* [Problem statement]:
Having located the line with "getting ready for", print it and each remaining line exactly, stopping at the end of the material and omitting pictures.

[[ Information supplied open ]]

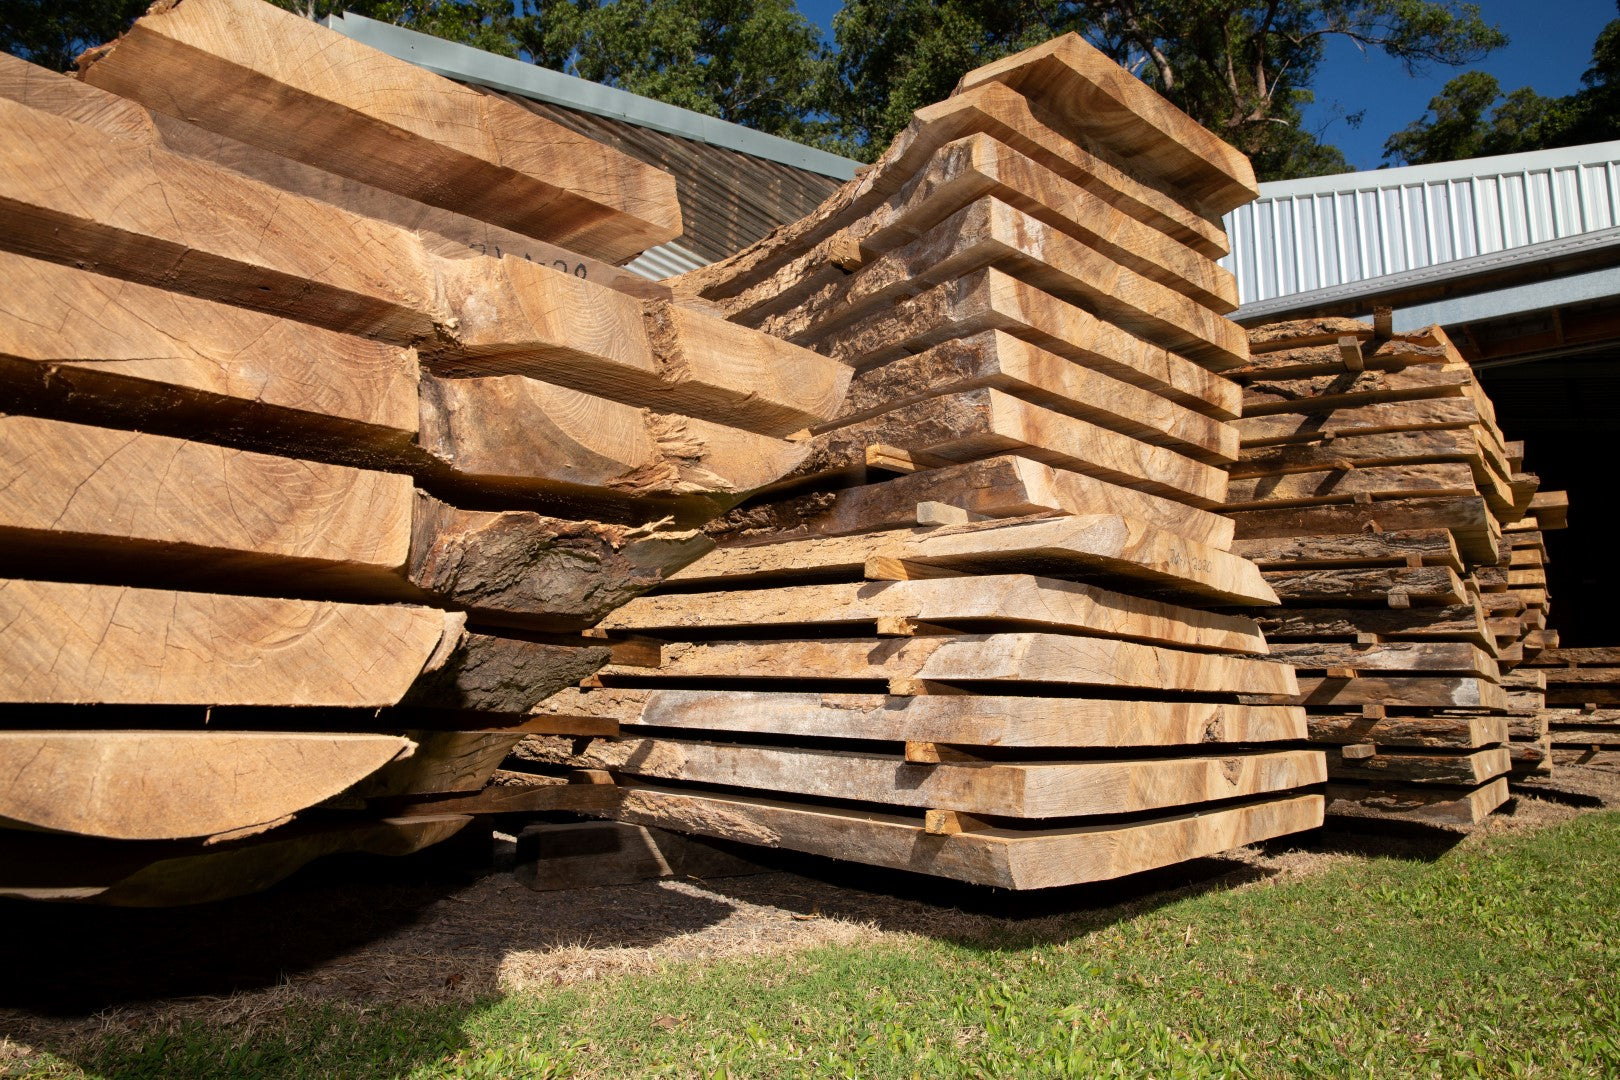 Is Your Wood Ready To Work?
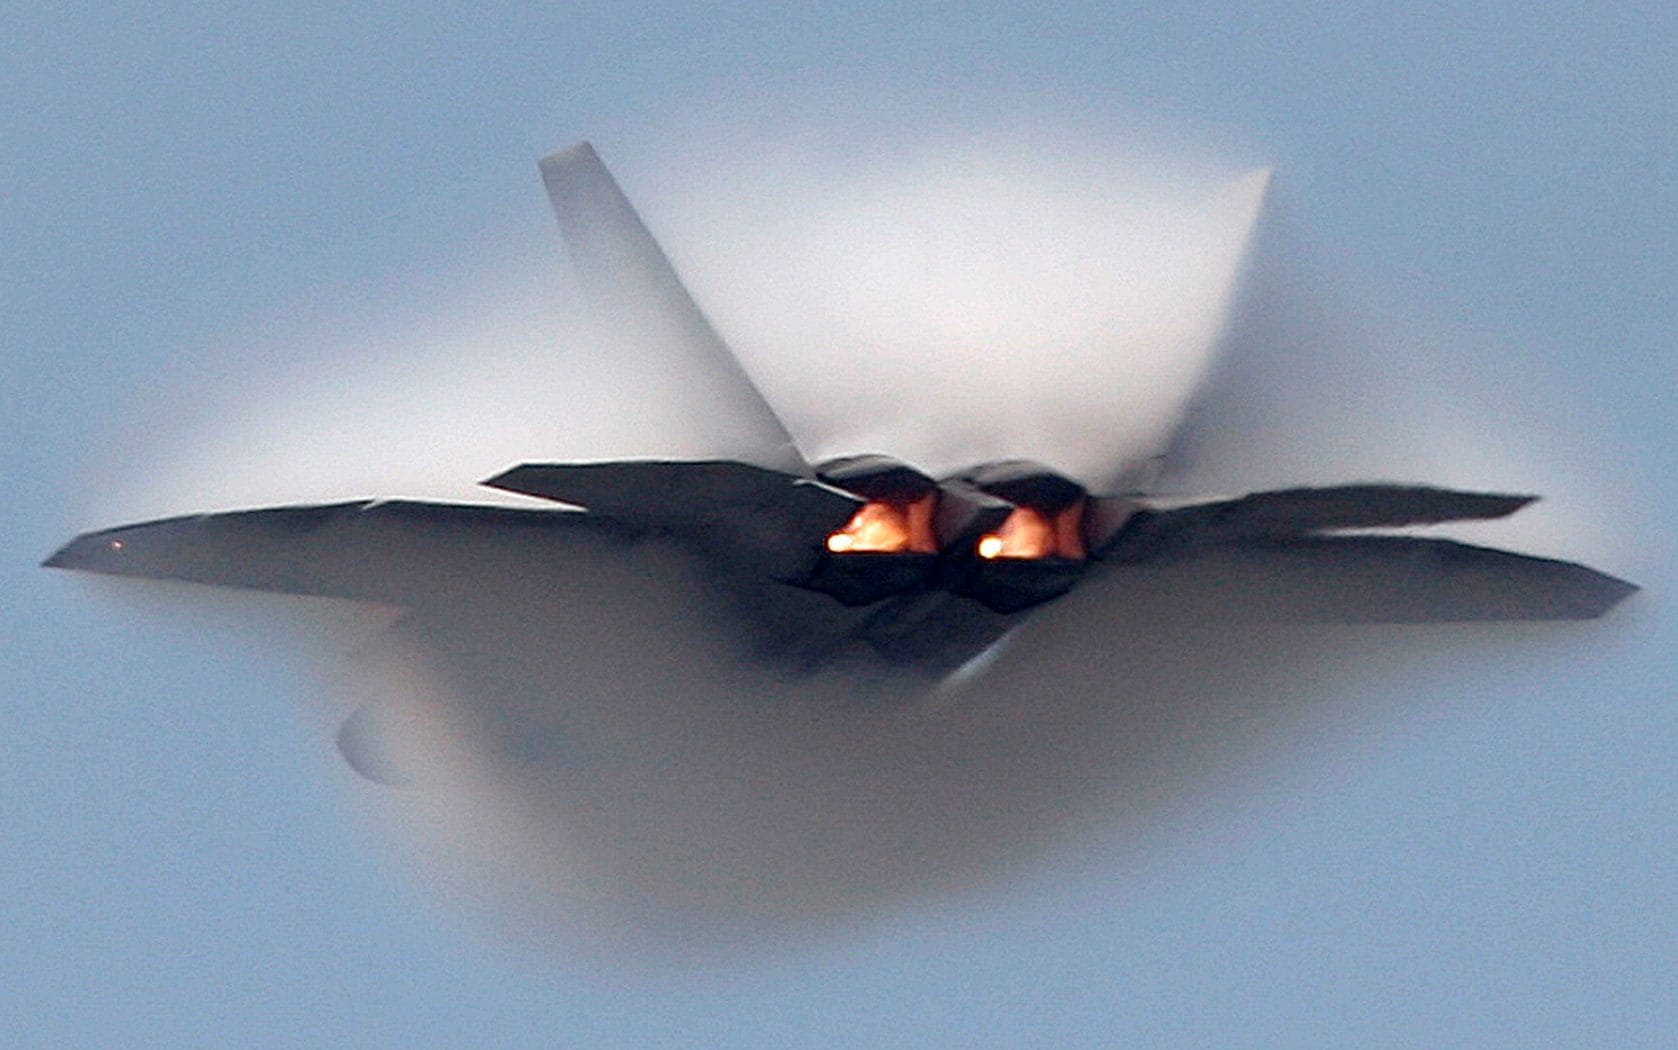 getting ready for war with china: the world’s greatest fighter jet gets an upgrade
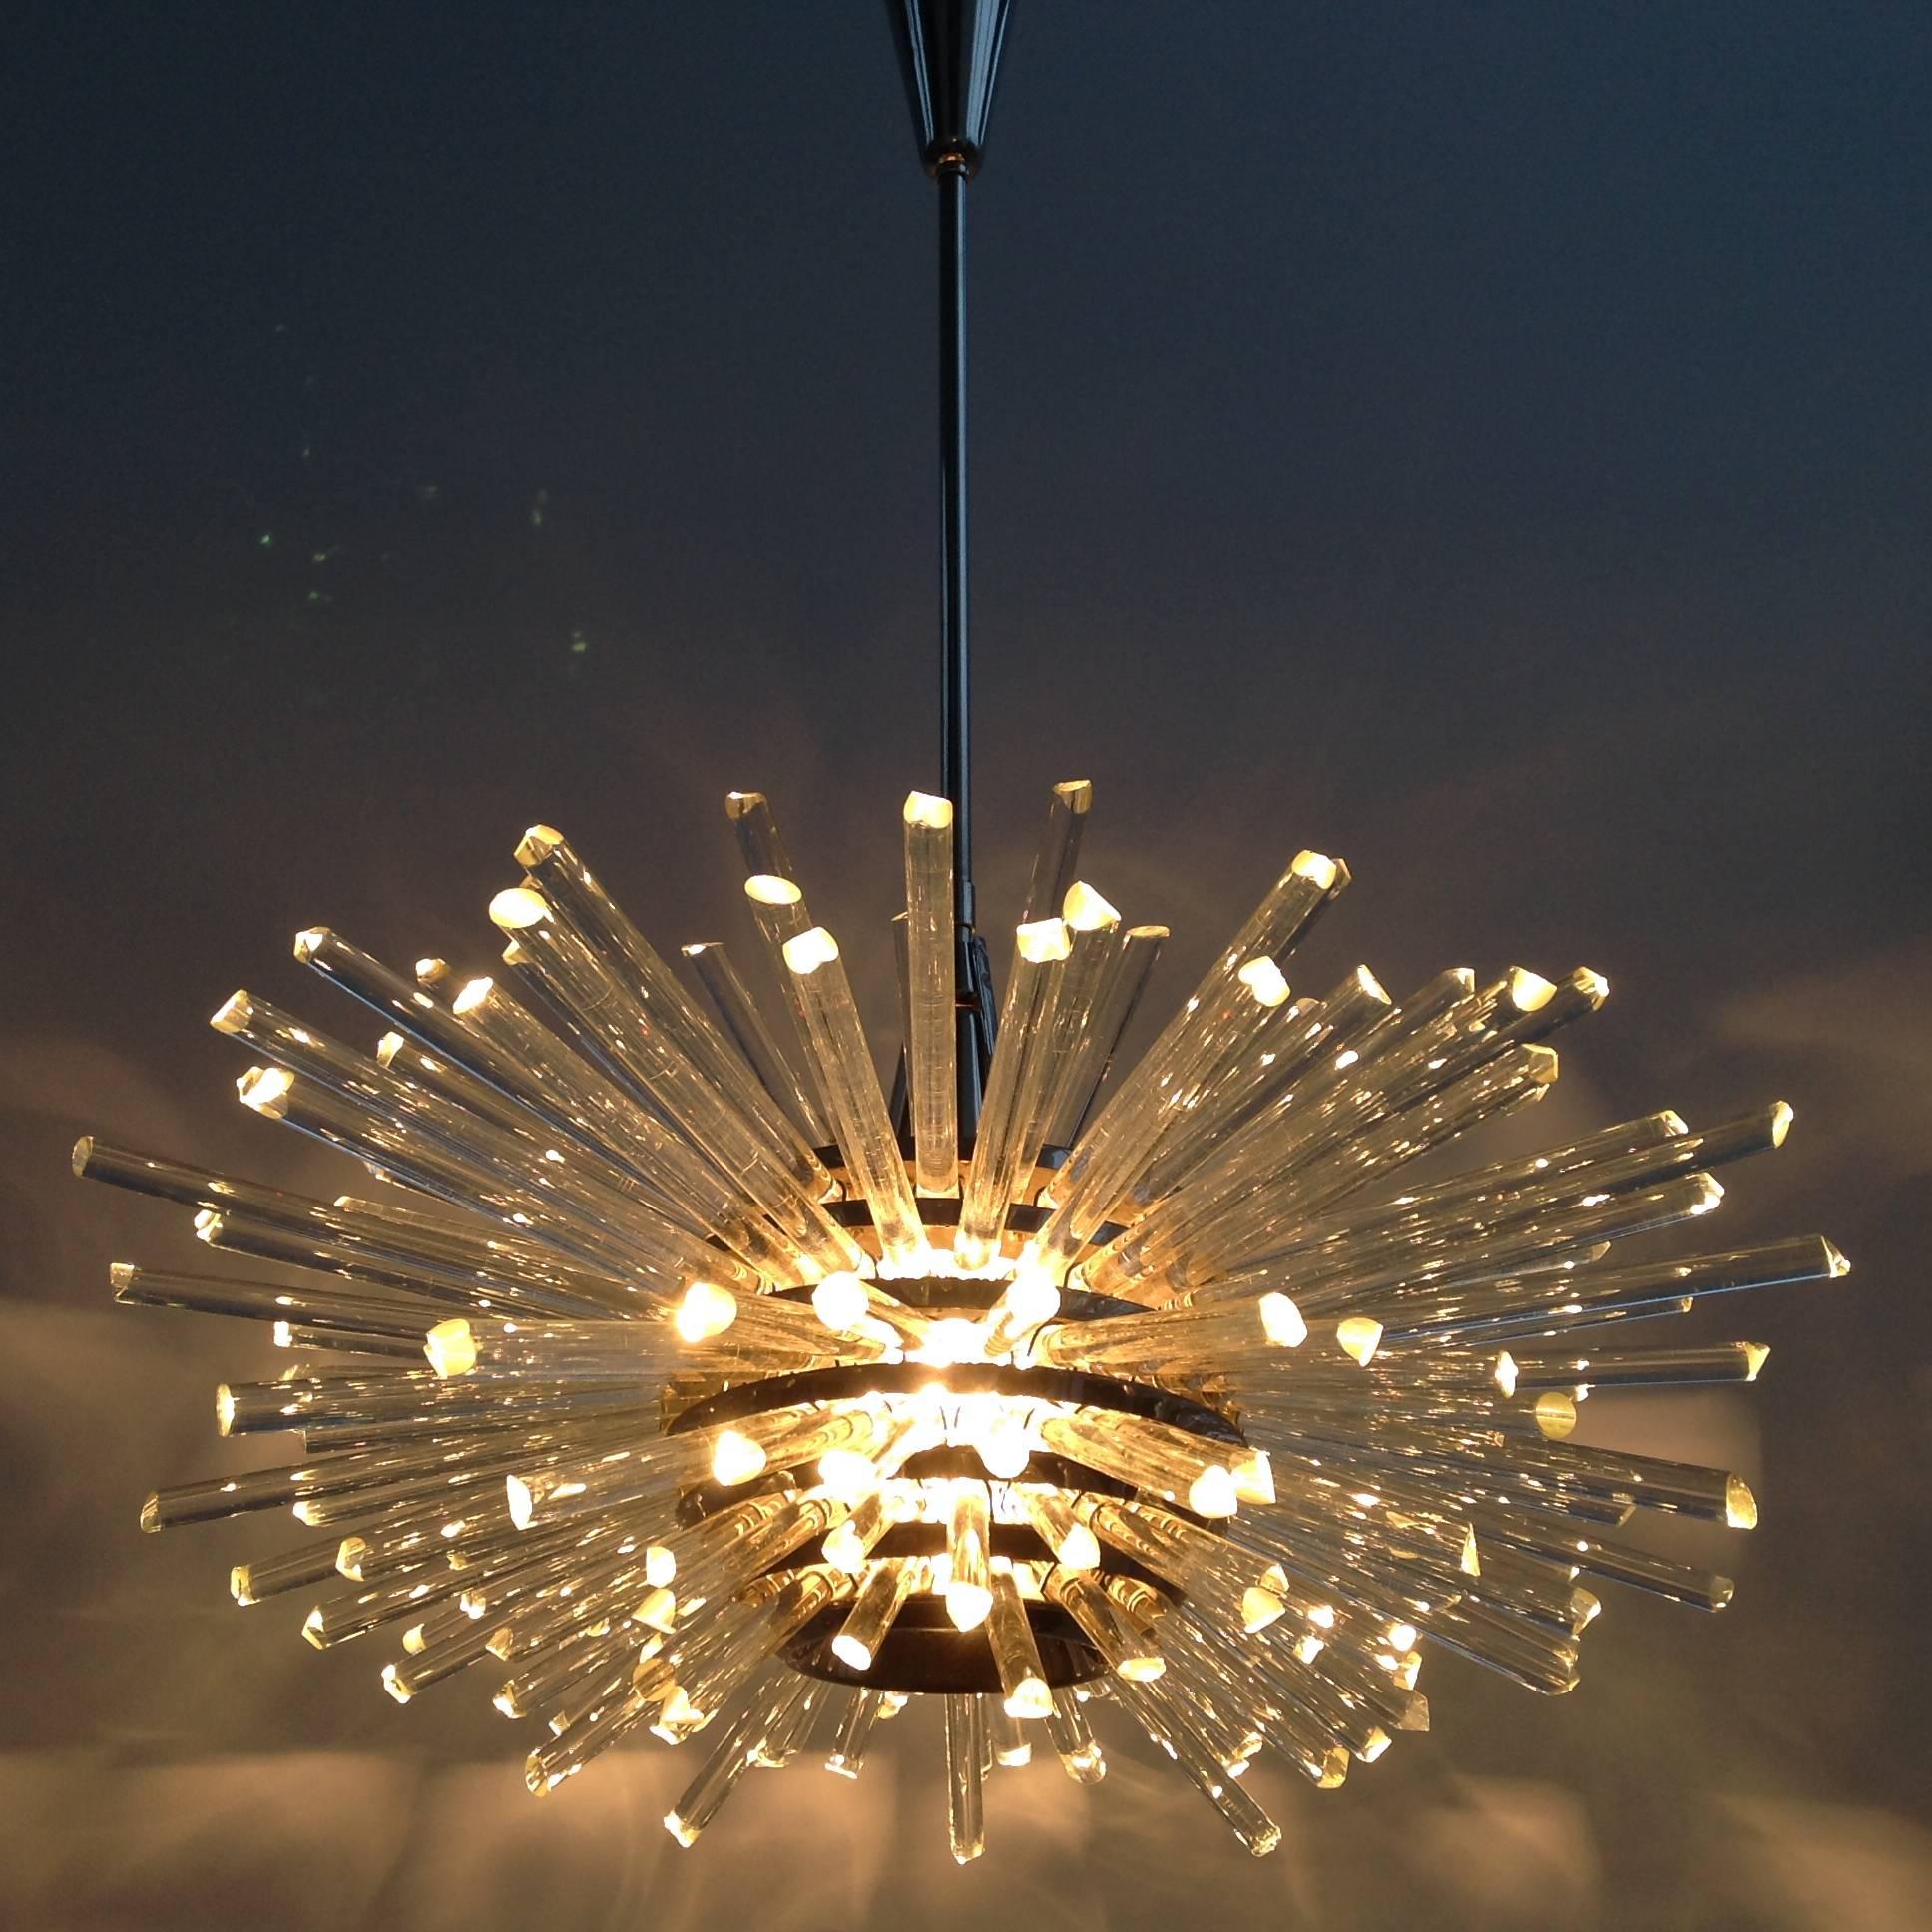 Beautiful Austrian midcentury chandelier model Miracle was designed by Prof. Friedl Bakalowits and made by his company Bakalowits & Söhne, Vienna, Austria in the 1960s. This first edition is the nickel-plated version, with clear crystal glass rods.

[[ Information supplied closed ]]

* [Answer section]:
 getting ready for war with china: the world’s greatest fighter jet gets an upgrade
 Beautiful Austrian midcentury chandelier model Miracle was designed by Prof. Friedl Bakalowits and made by his company Bakalowits & Söhne, Vienna, Austria in the 1960s. This first edition is the nickel-plated version, with clear crystal glass rods.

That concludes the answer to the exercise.